GS Paper: 2- judiciary

Important for

Prelims exam: Collegium system, Chief Justice of India

Mains exam: Significance of Collegium system

Why in News

Chief Justice of India D.Y. Chandrachud agreed to list in due course a writ petition to reconsider the Collegium system of judicial appointments to the Supreme Court and the High Courts.

About collegium system and how did It evolve?

It is the system of judicial appointment and transfer of judges that has developed through SC rulings, not by a law passed by Parliament or by a provision in the Constitution.

  • The appointment of judges to the Supreme Court and High Courts is dealt by Articles 124(2) and 217 of the Indian Constitution.

Evolution of the System:

First Judges Case (1981): It stated that “cogent reasons” may be given for rejecting the “primacy” of the CJI’s (Chief Justice of India) recommendation on judicial appointments and transfers.

  • For the following 12 years, the court’s decision gave the executive branch precedence over the judiciary in appointing judges.

Second Judges Case (1993): Considering “consultation” to actually mean “concurrence,” SC established the Collegium system.

  • It was further stated that this was not the CJI’s personal opinion, but rather an institutional judgement developed after consultation with the SC’s two most senior judges.
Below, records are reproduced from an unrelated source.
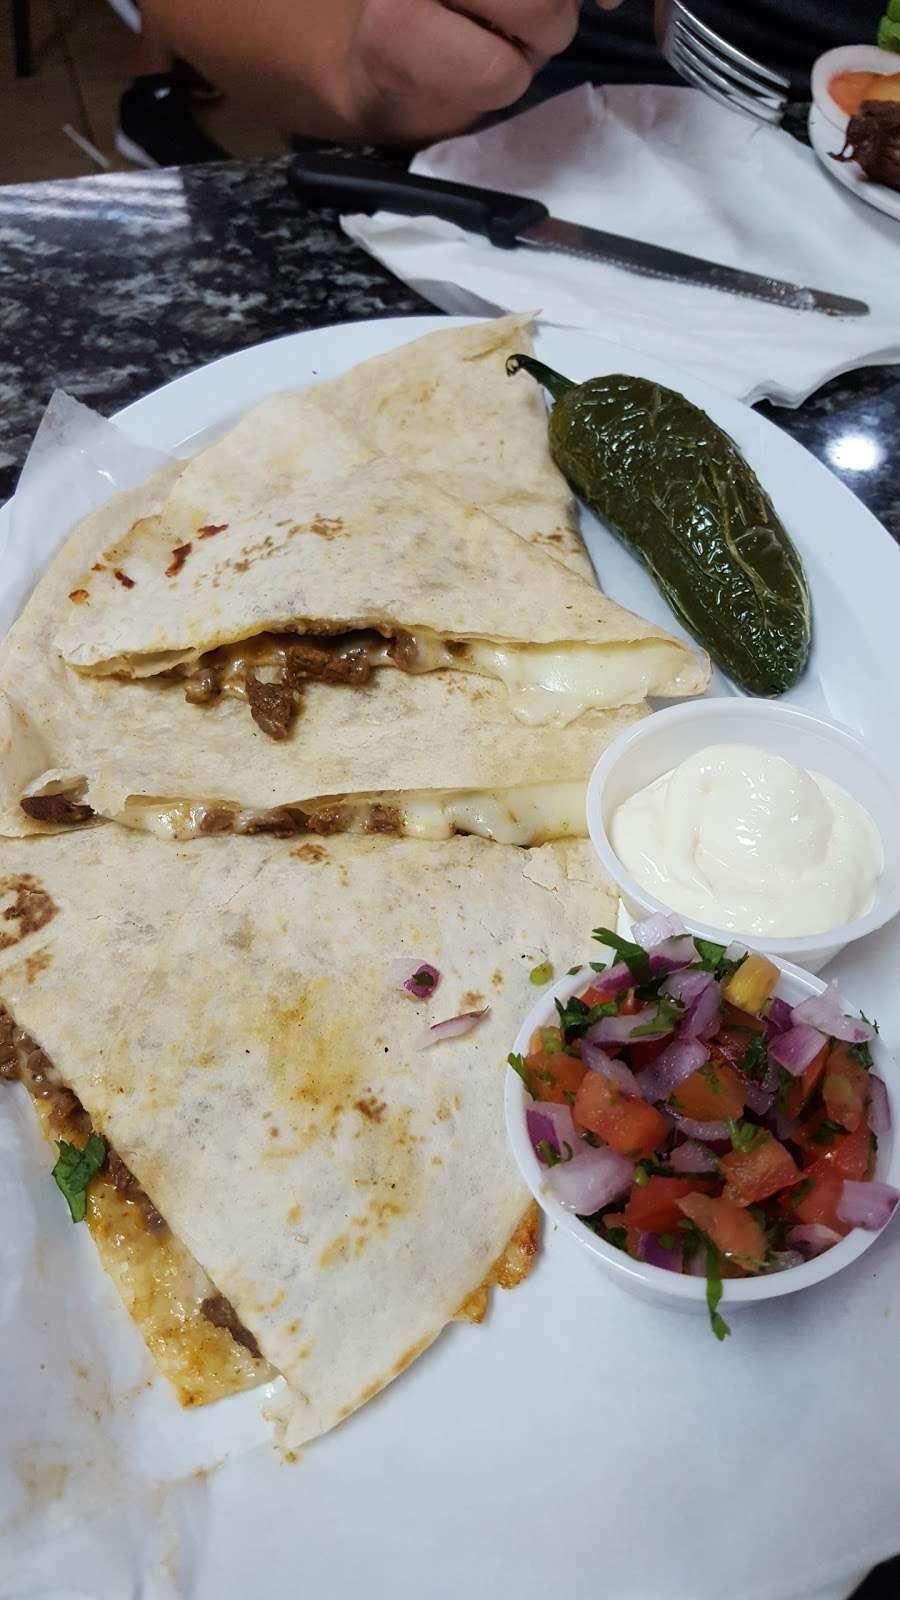 Taqueria El Torito - restaurant  | Photo 9 of 10 | Address: 1409 Central Ave, Kansas City, KS 66102, USA | Phone: (913) 233-0463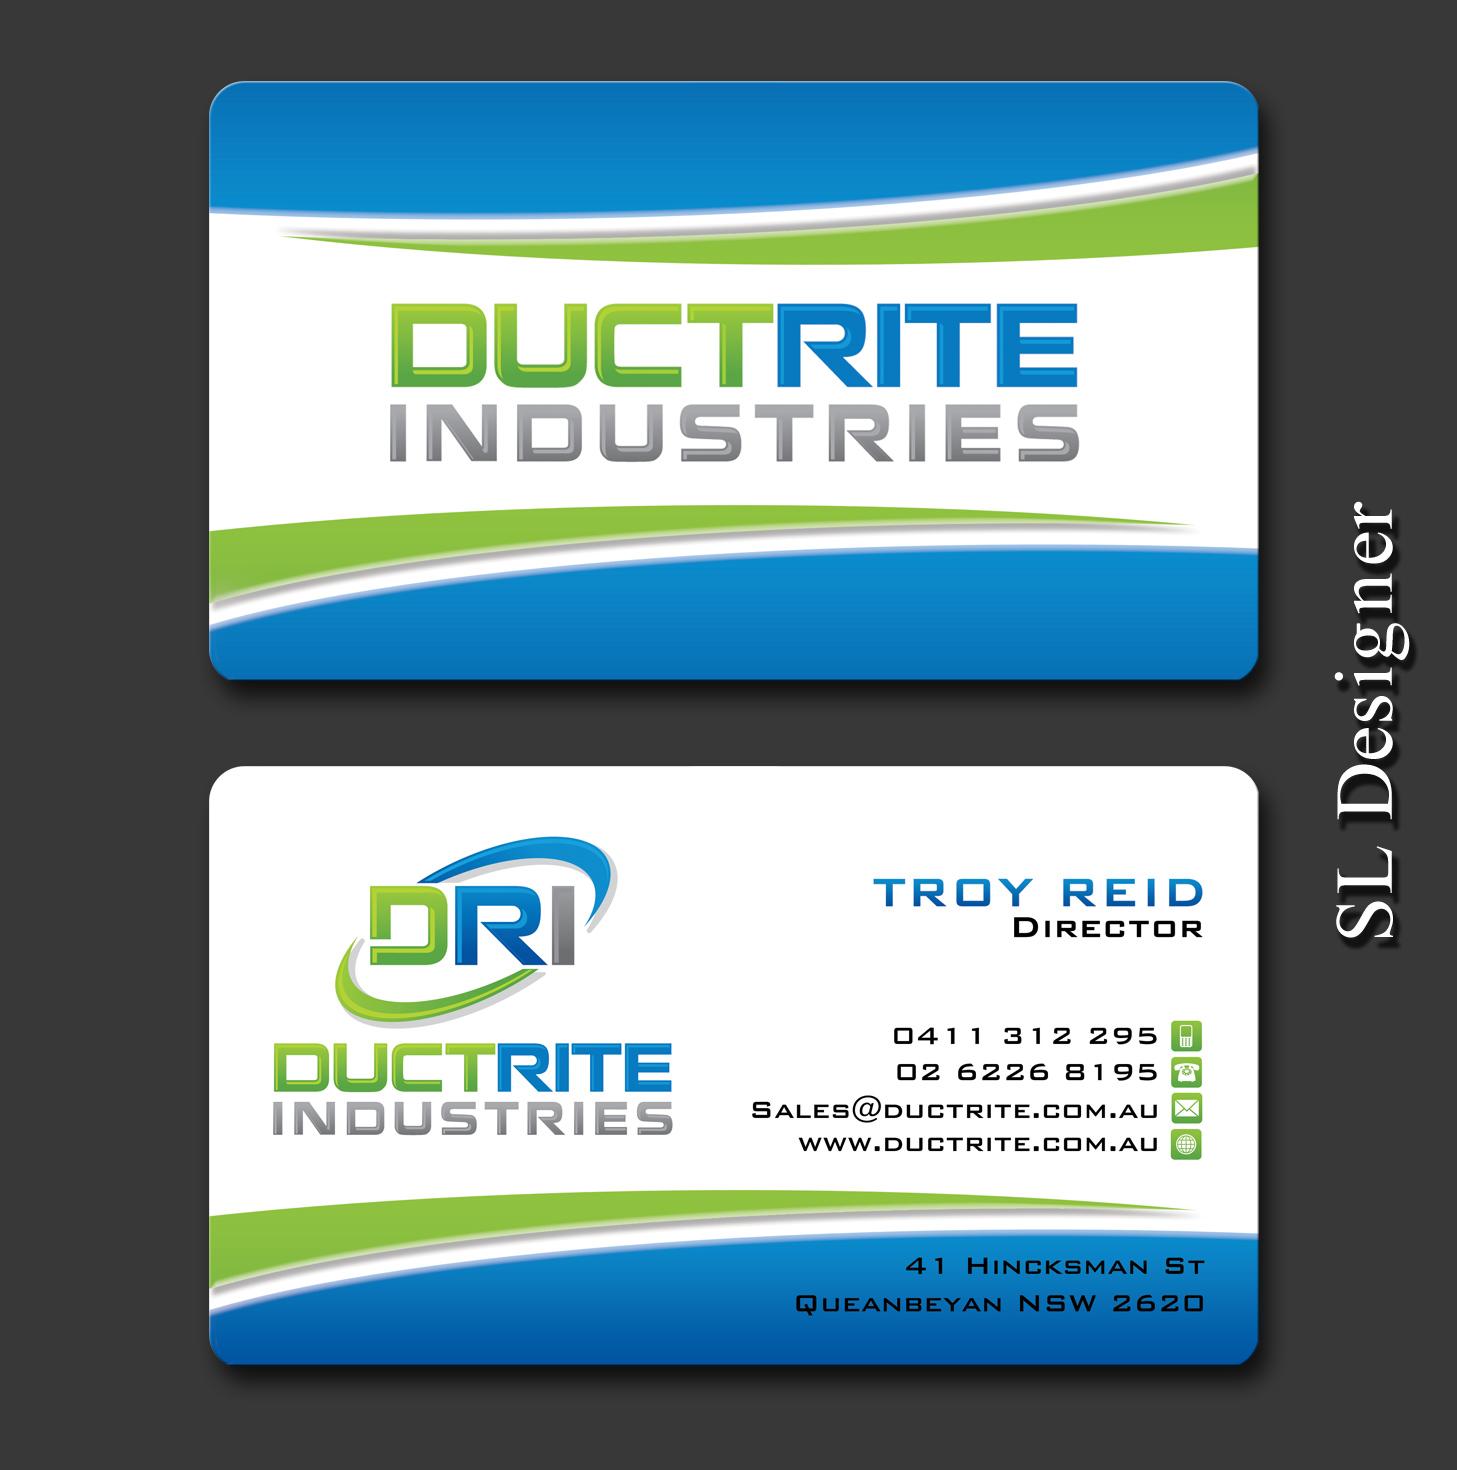 151 Serious Business Card Designs | Business Business Card Design ...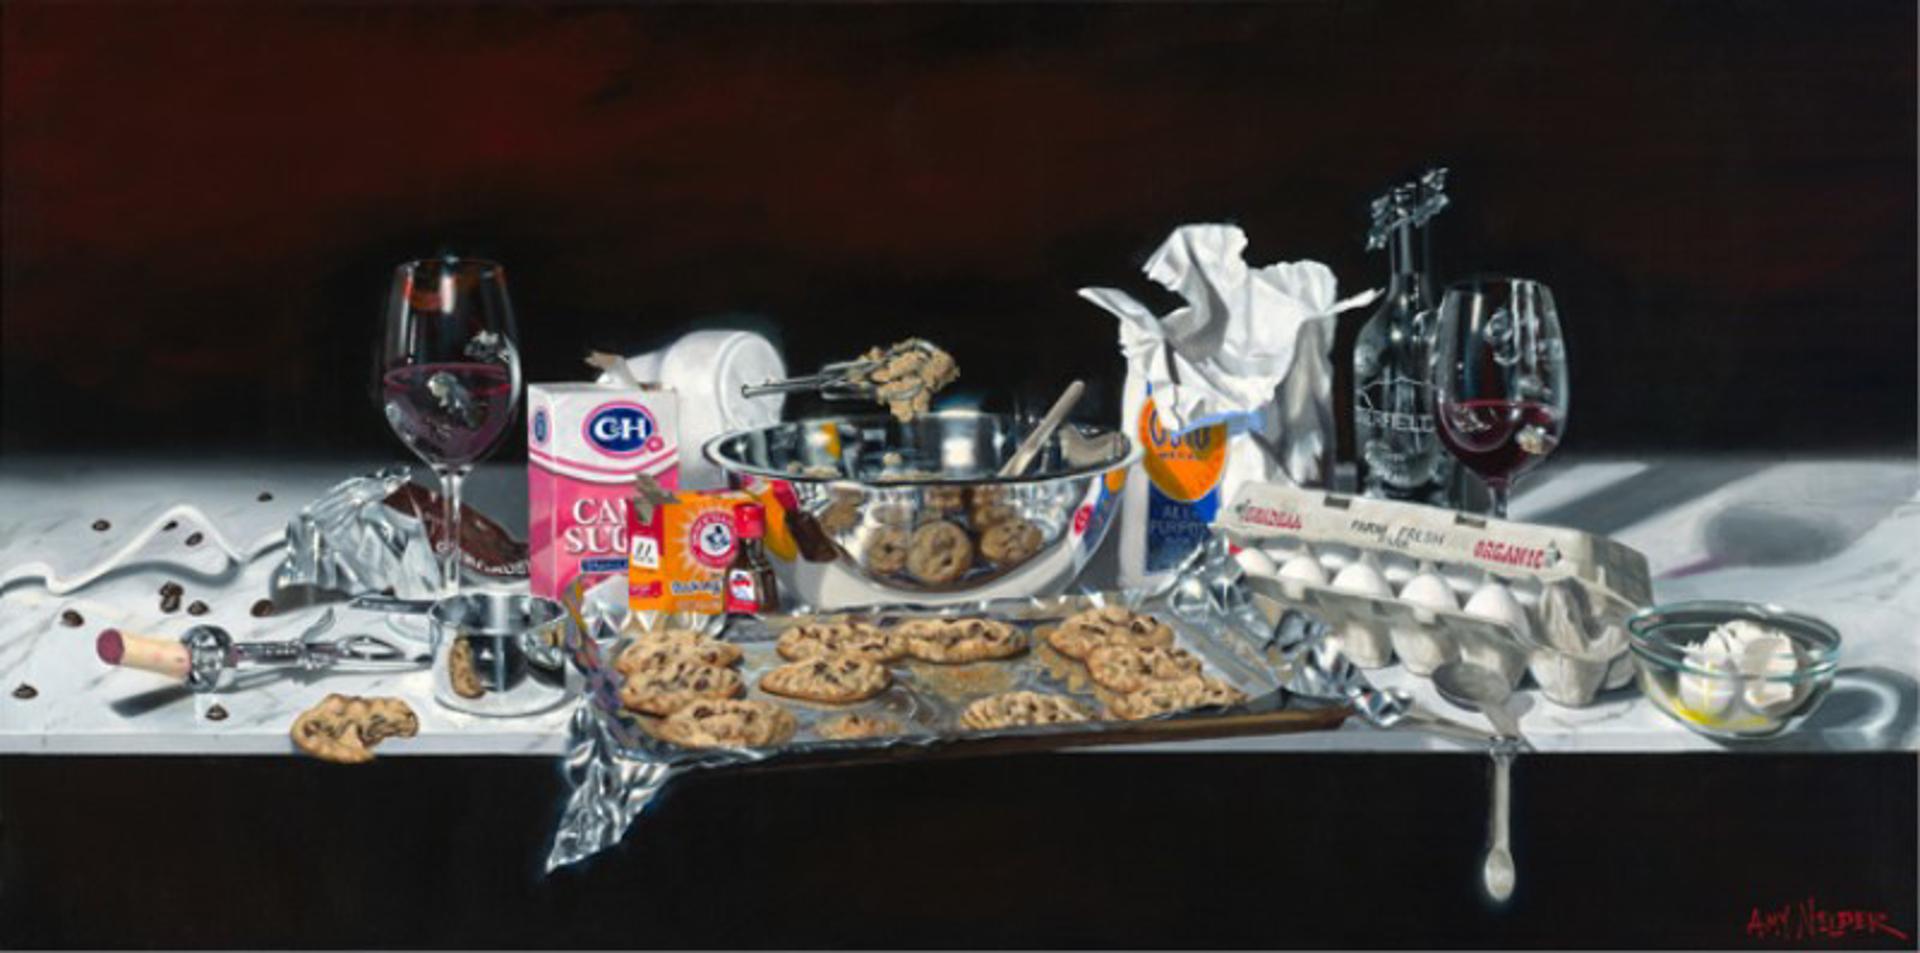 Your Kitchen, Or Mine? by Amy Nelder

Third Judges Case (1998): The Collegium was increased to a five-member panel by the SC on the President’s referral (Article 143), which included the Chief Justice of India and four of his most senior colleagues.

Head of the Collegium System

  • The SC collegium, which consists of the four senior-most judges of the court, is led by the CJI (Chief Justice of India).
  • The current Chief Justice and the two other senior most judges of the High Court serve as a collegium.
  • The government has a role only once the collegium system has decided on names for judges of the higher judiciary, who are only recruited through collegium system.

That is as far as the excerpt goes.